■ **Recorded data**:
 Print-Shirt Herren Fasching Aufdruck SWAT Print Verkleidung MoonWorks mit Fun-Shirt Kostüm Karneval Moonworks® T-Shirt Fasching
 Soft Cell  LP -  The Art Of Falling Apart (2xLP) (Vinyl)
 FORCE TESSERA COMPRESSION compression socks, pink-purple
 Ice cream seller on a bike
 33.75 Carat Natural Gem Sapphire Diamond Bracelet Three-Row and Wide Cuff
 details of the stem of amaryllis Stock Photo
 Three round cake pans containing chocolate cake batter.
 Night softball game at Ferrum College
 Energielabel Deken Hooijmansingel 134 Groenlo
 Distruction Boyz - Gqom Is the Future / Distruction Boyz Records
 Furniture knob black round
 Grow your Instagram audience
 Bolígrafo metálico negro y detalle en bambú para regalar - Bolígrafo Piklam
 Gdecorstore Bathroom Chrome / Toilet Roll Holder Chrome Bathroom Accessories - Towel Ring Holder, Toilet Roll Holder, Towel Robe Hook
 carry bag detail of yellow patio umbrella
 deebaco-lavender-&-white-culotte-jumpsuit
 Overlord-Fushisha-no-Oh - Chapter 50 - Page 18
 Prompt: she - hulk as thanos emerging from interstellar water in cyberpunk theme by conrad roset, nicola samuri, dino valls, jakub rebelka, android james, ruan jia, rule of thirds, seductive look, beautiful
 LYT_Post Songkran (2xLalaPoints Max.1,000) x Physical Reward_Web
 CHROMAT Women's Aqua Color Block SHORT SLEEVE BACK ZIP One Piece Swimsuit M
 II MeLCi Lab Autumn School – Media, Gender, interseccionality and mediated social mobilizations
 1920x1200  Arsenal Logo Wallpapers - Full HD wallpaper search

■ **EXERCISE PROMPT**: Please reproduce the lines from the line with "Prompt: she - hulk" to the line with "LYT_Post Songkran (2xLalaPoints", both ends included, exactly as they appear above.

■ **EXPECTED OUTPUT**:
 Prompt: she - hulk as thanos emerging from interstellar water in cyberpunk theme by conrad roset, nicola samuri, dino valls, jakub rebelka, android james, ruan jia, rule of thirds, seductive look, beautiful
 LYT_Post Songkran (2xLalaPoints Max.1,000) x Physical Reward_Web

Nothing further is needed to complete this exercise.